Assignment:
Below are some records. Return exactly their lines from the one containing "II Curso de" through the one containing "40022153.11V - cubio drawer cabinet", and drop the pictures.

Dataset excerpts:
-------
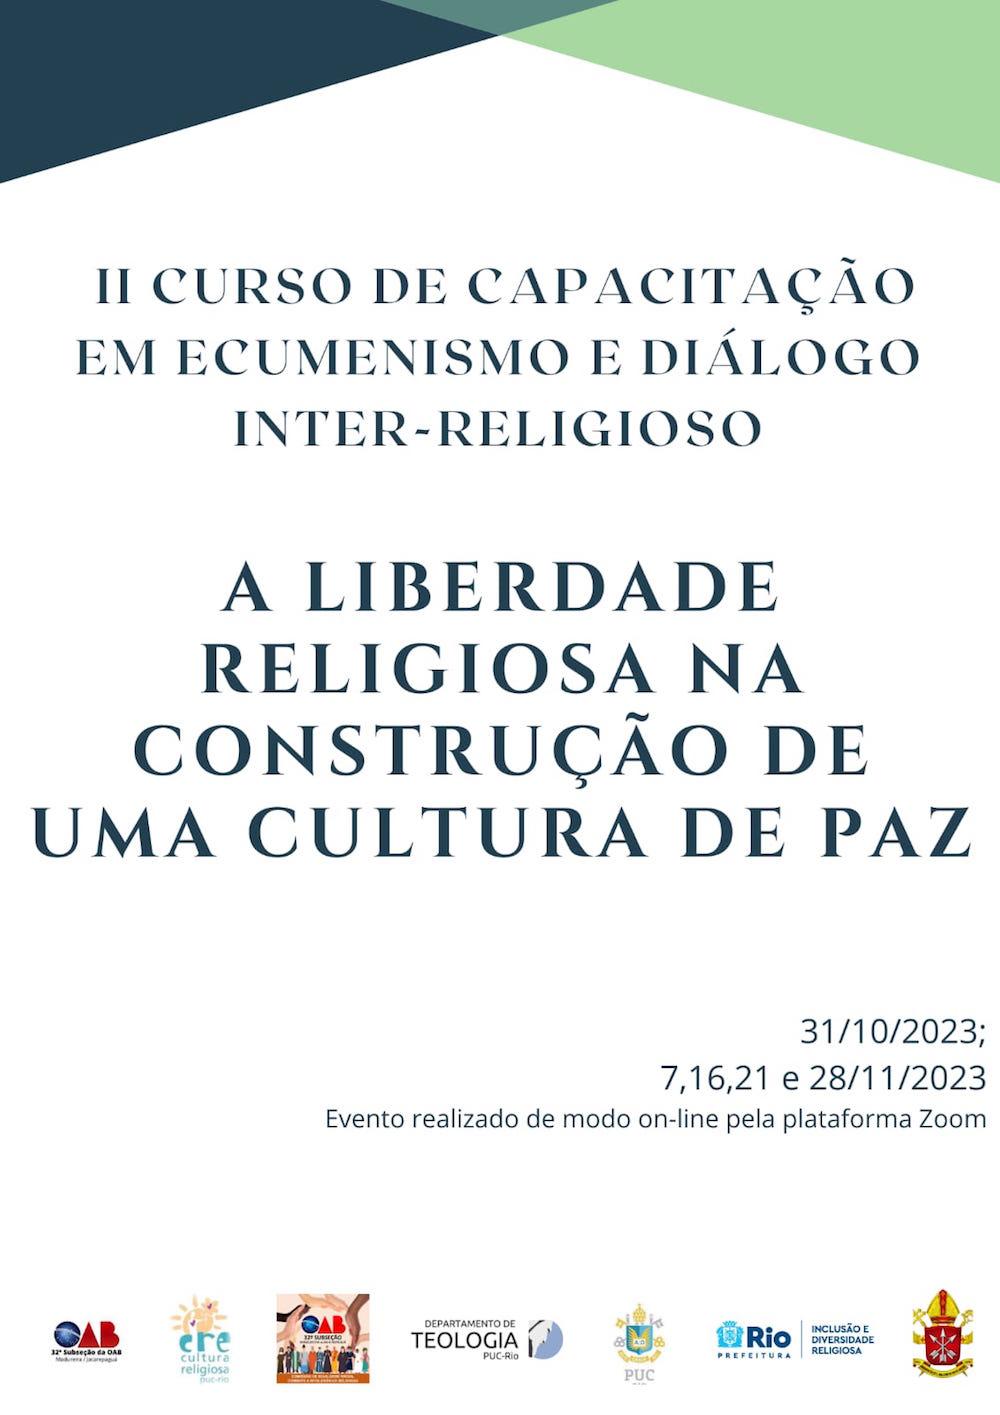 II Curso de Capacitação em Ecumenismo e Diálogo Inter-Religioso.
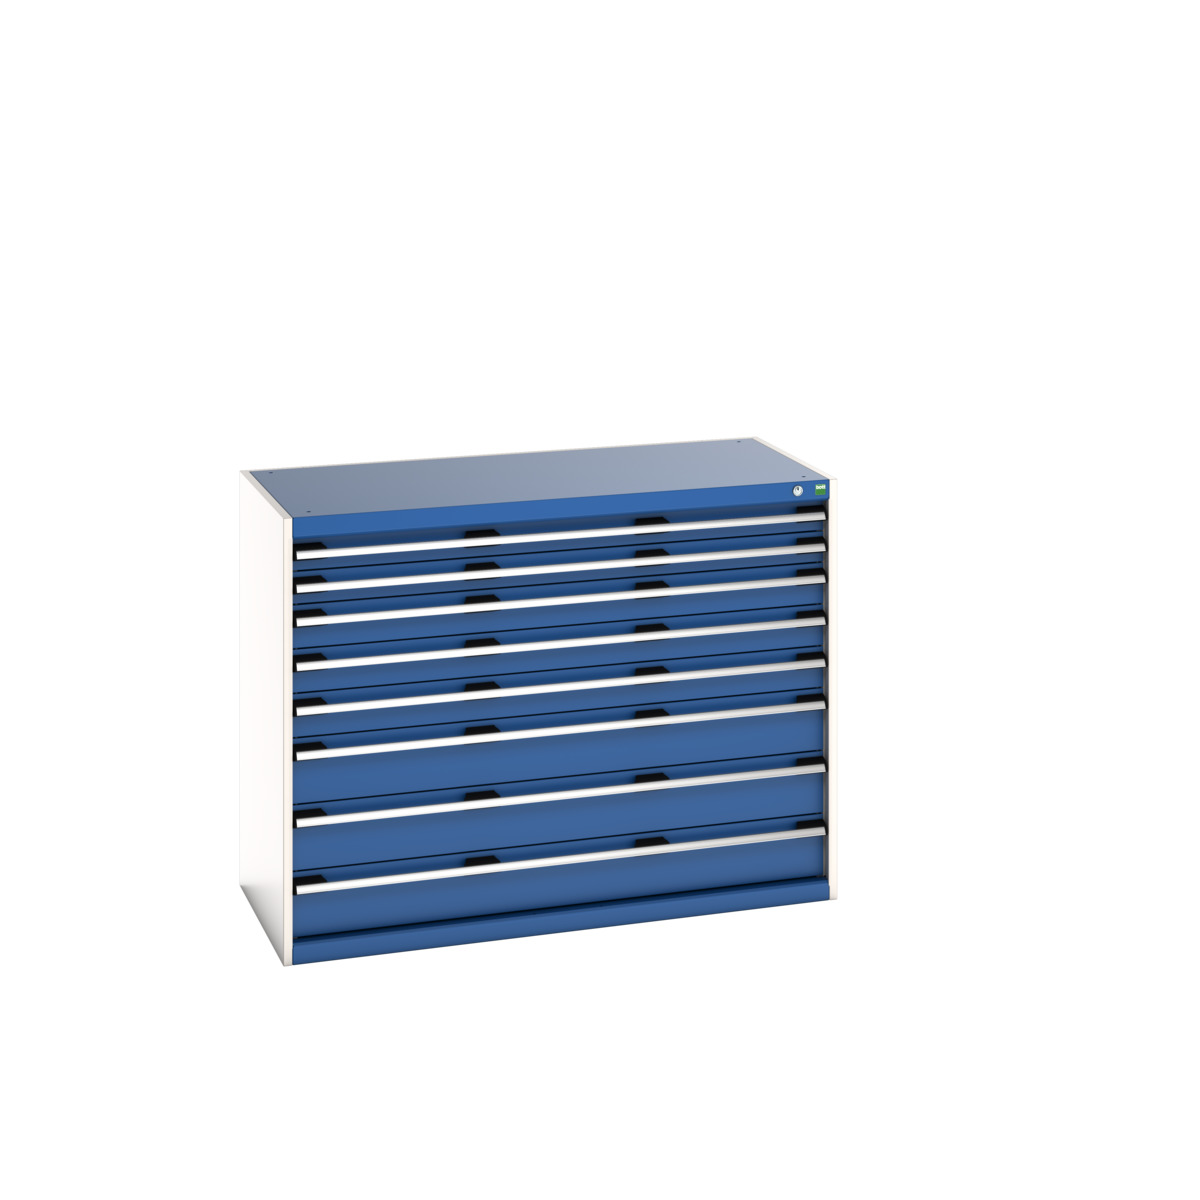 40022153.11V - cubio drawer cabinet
-------
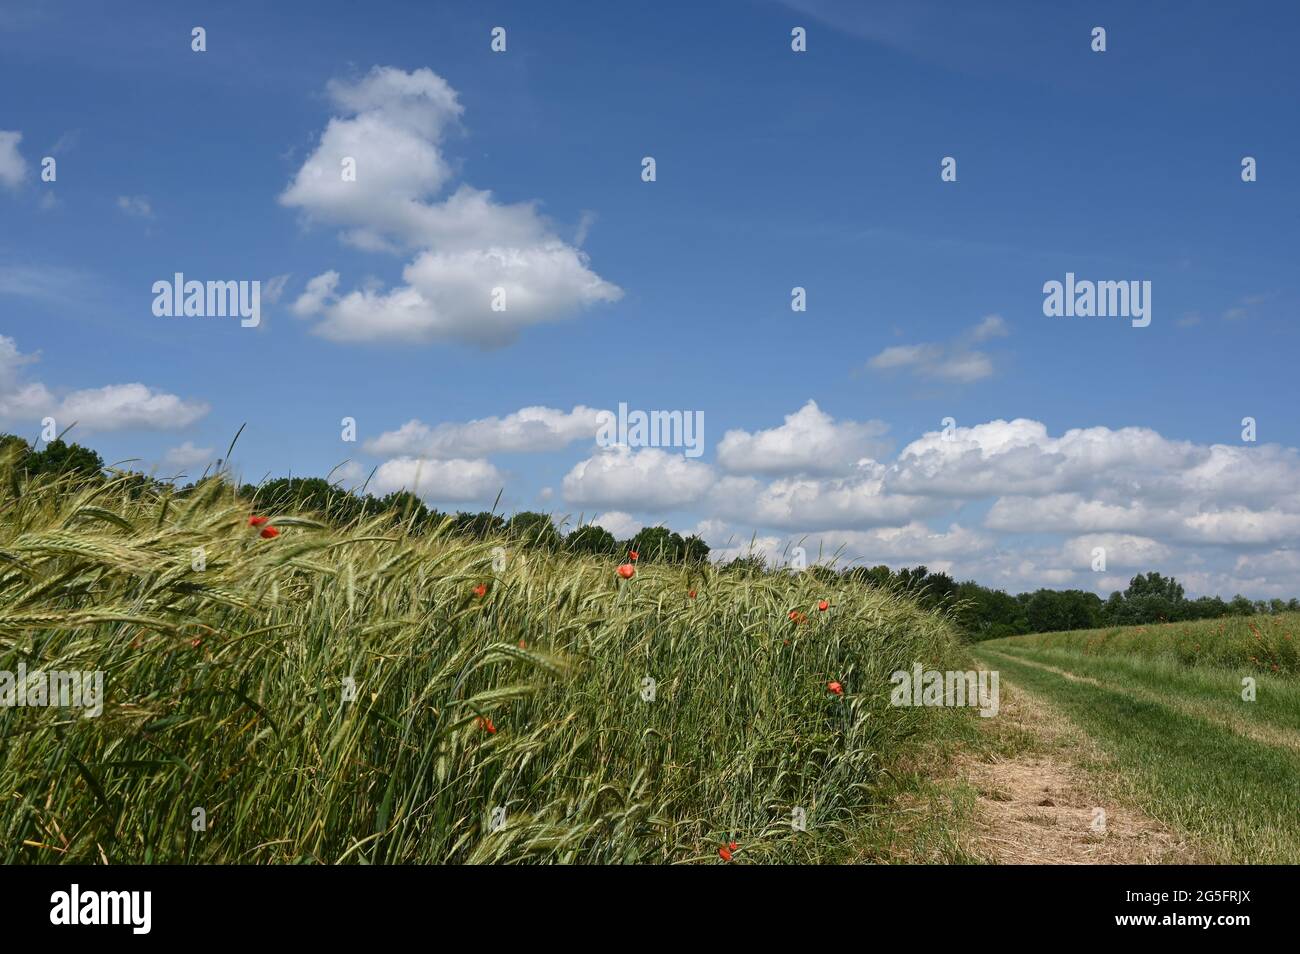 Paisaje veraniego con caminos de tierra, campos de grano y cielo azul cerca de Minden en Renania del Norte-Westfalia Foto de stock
-------
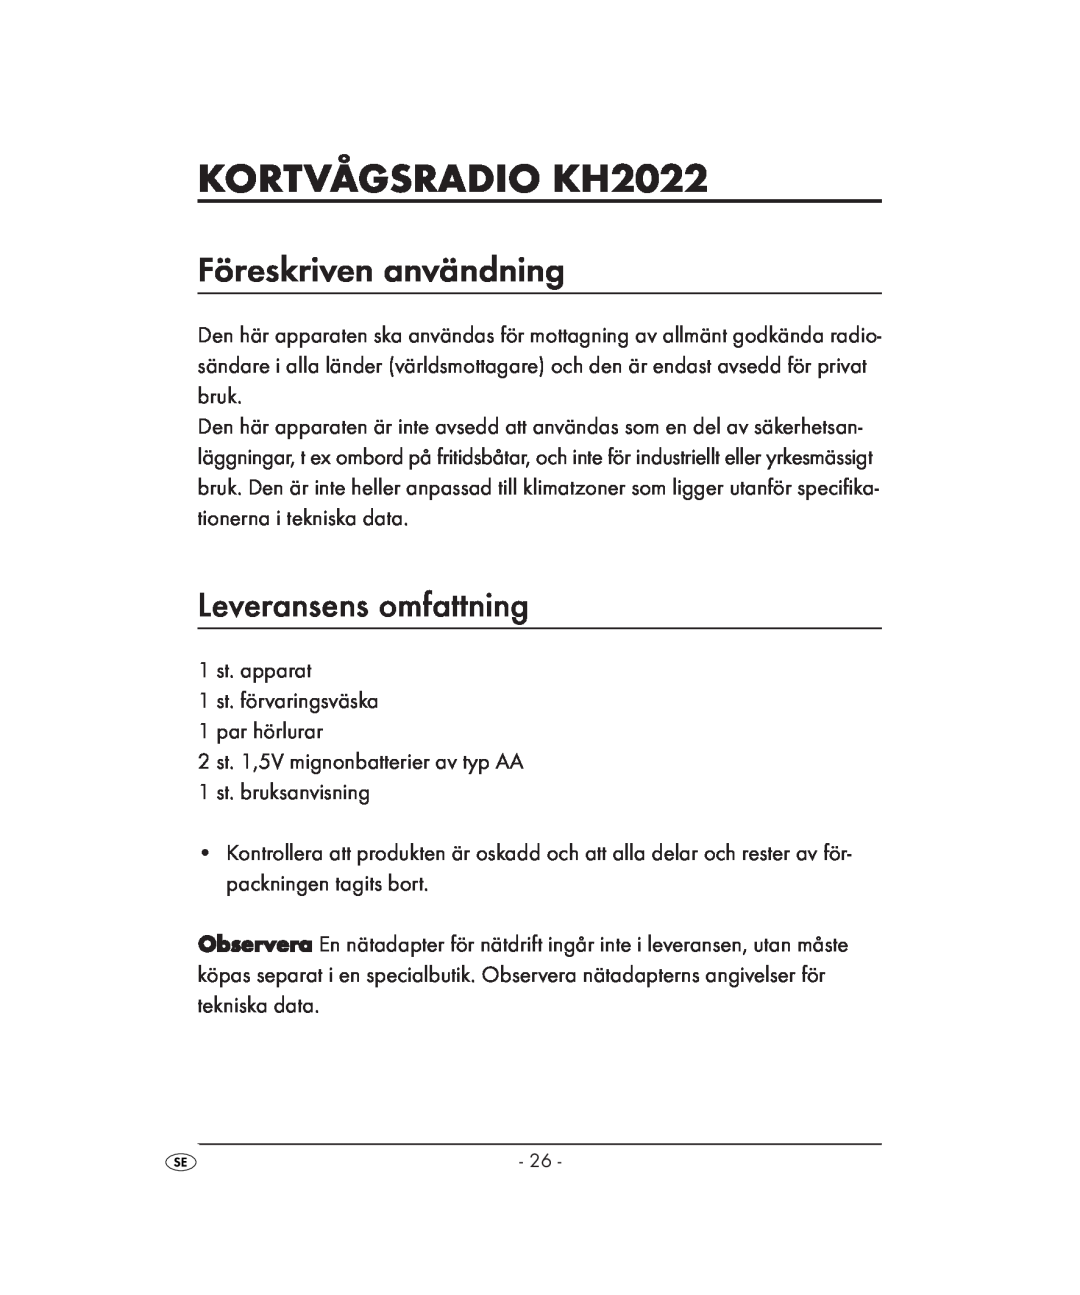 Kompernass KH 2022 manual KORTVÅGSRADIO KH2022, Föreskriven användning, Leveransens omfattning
-------
Result:
 II Curso de Capacitação em Ecumenismo e Diálogo Inter-Religioso.
 40022153.11V - cubio drawer cabinet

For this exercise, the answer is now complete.